William

Posted on May 9

Gemma 4 on Real Hardware: Local Inference, Cloud API, and a Three-Tier Architecture That Actually Works

#gemmachallenge #gemma #devchallenge #webdev

Gemma 4 Challenge: Write about Gemma 4 Submission

This is a submission for the Gemma 4 Challenge: Write About Gemma 4

Let me be straight with you before we get into any of this.

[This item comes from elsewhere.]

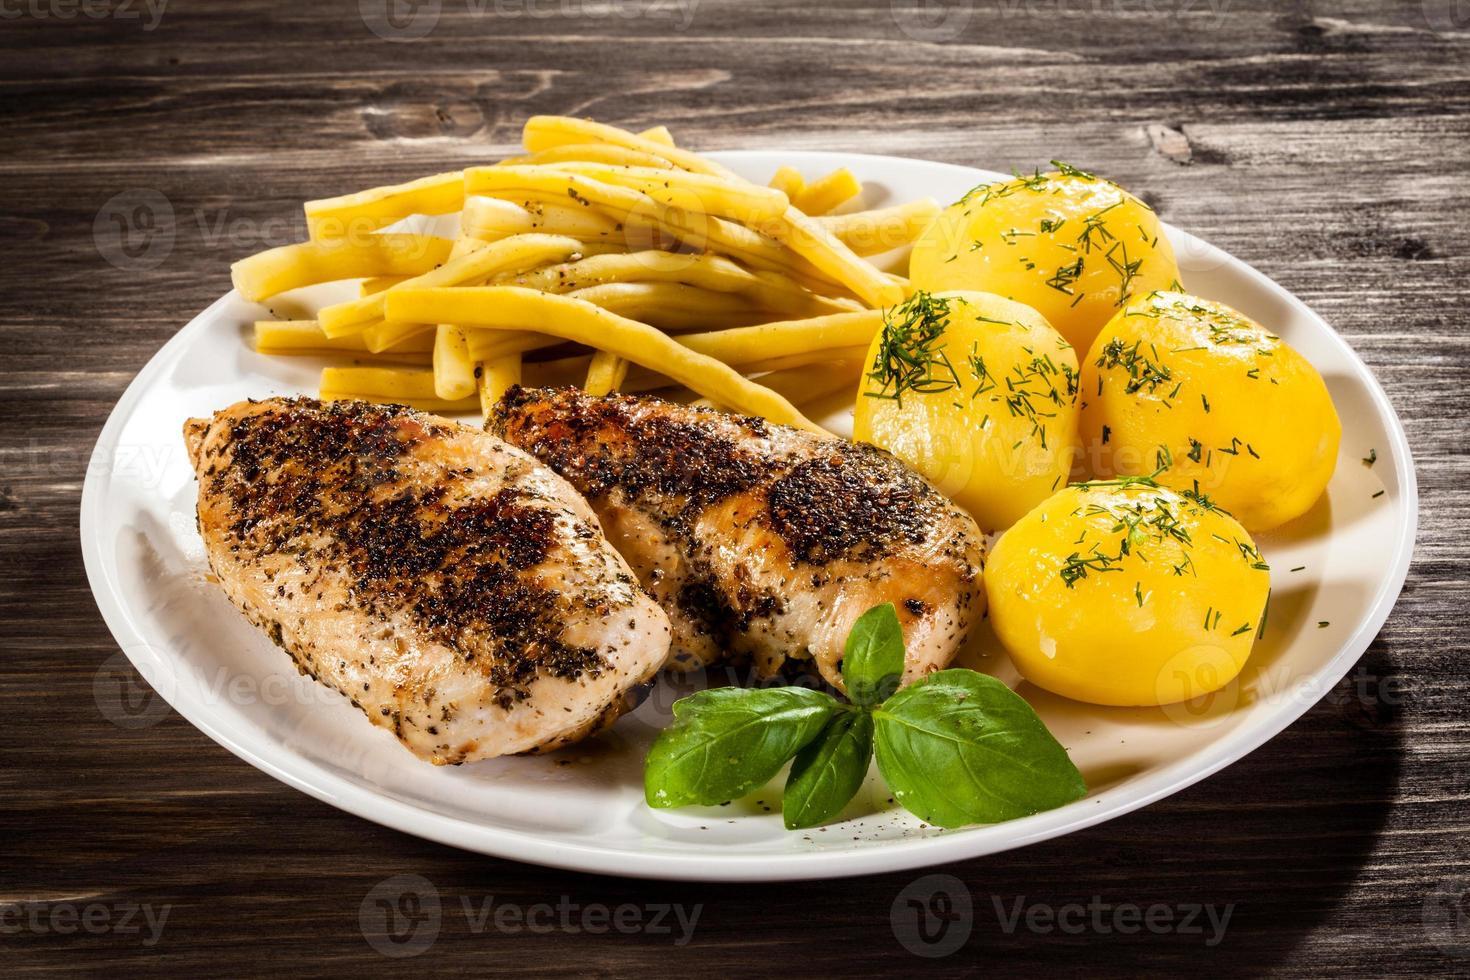 poitrines de poulet rôties et légumes photo
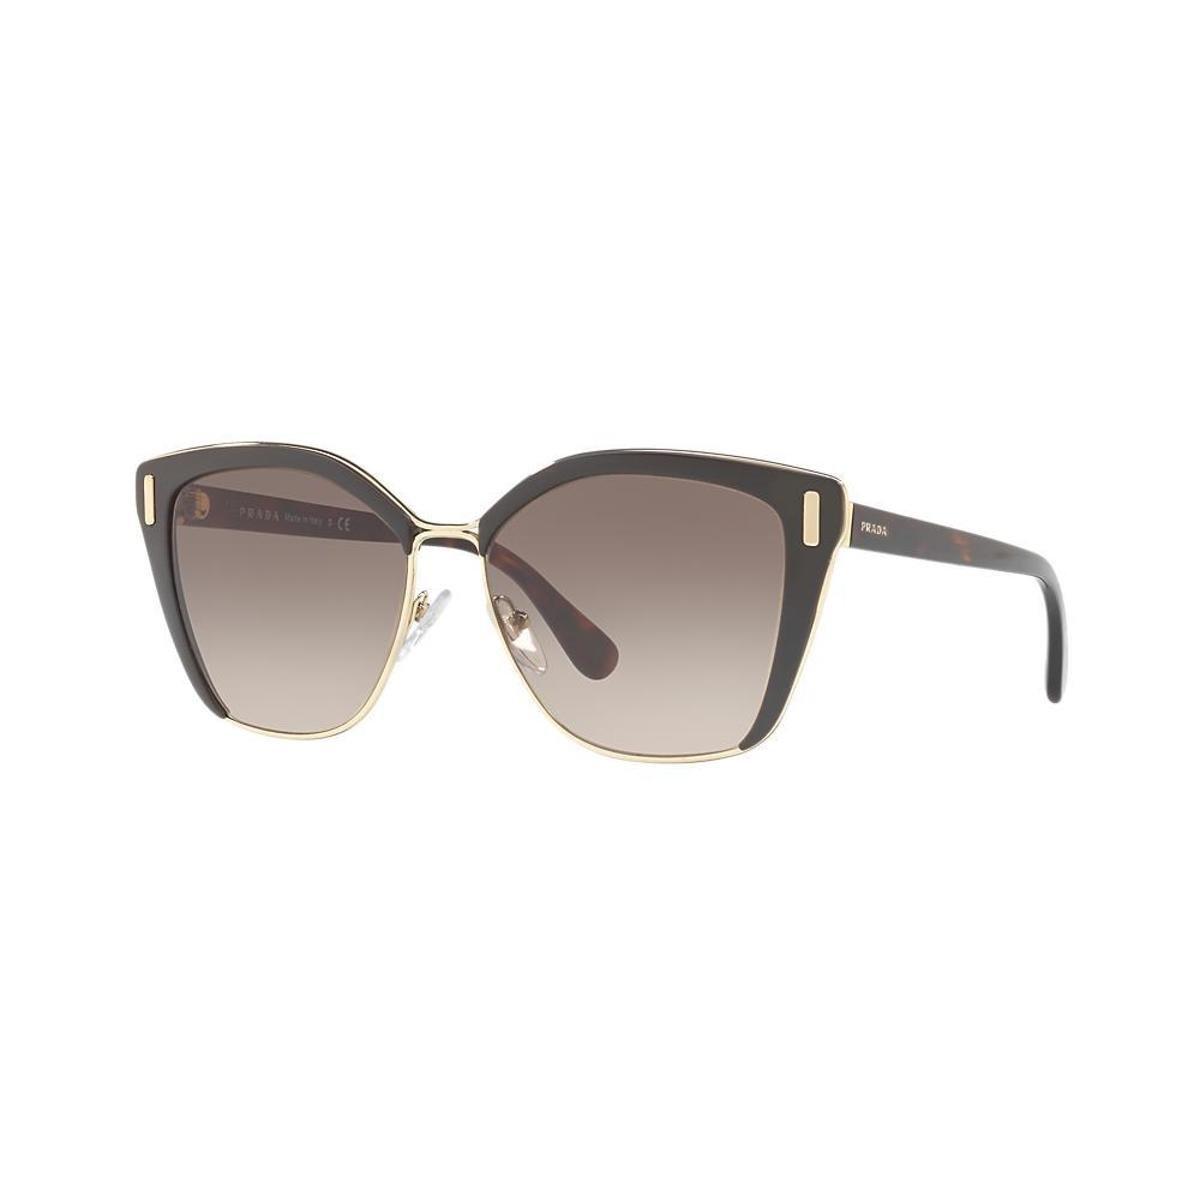 ... f27d5bc2f9e Óculos de Sol Prada Quadrado PR 56TS Feminino - Marrom -  Compre . a693f896c4

I am 58 years old. Retired. I build products for enjoyment — income is just a by-product of the effort. ( and yes that took me a long time to figure out, but once you do, everything changes ) I live in Minesing, Ontario. I have a cottage in Bracebridge. I work on projects at night, usually with a smoke and in my housecoat. ( don't judge me, it works )

I have no computer science degree, no coding background, and no team. I am what people in this community politely call a "vibe coder" — which is a kind way of saying I build things with AI tools and a terminal and a lot of stubbornness. And push through. ( and push back ;) ) Stubbornness is 100% non-negotiable when you're working long hours with different AIs at 58. The tools are incredible and they will also confidently break your app and tell you it's your fault. Every. Single. Time. ( you get used to it, I promise )

Over the last year I built three live products from scratch:

Events Arena — a live sports prediction platform with Soccer, NHL, and expandable arenas for any type of event, from organized sports to internet creator events ( yes that last part is a whole thing now )
SaaS Price DB — a REST API tracking pricing data for 1,000+ B2B SaaS tools
TripSync — an AI travel planner that takes plain-English trip descriptions and returns real destinations with flight estimates and booking links Zero users on most of them. I wrote about that honestly on May 9th. ( zero judgement if you go read it, it's a fun honest post ) But here's what I didn't fully explain in that post:

I built TripSync for myself.

Every winter I travel for 3-4 months. Multiple countries. Multiple cities. I move around — I don't sit in one place and call it a vacation. Canadian winters are not for me anymore, and we've done Mexico, the States, and DR. ( Canadian winters, not for me, hard pass, no thank you, never again ) Planning those trips used to mean hours of browser tabs, scattered booking sites, trying to hold flight prices and hotel options and visa requirements in my head at the same time — while also figuring out what order to visit cities in so the flights make sense and we get the best experience at the lowest cost. Premium economy for long flights, economy for short ones. ( yes I have a system, don't we all )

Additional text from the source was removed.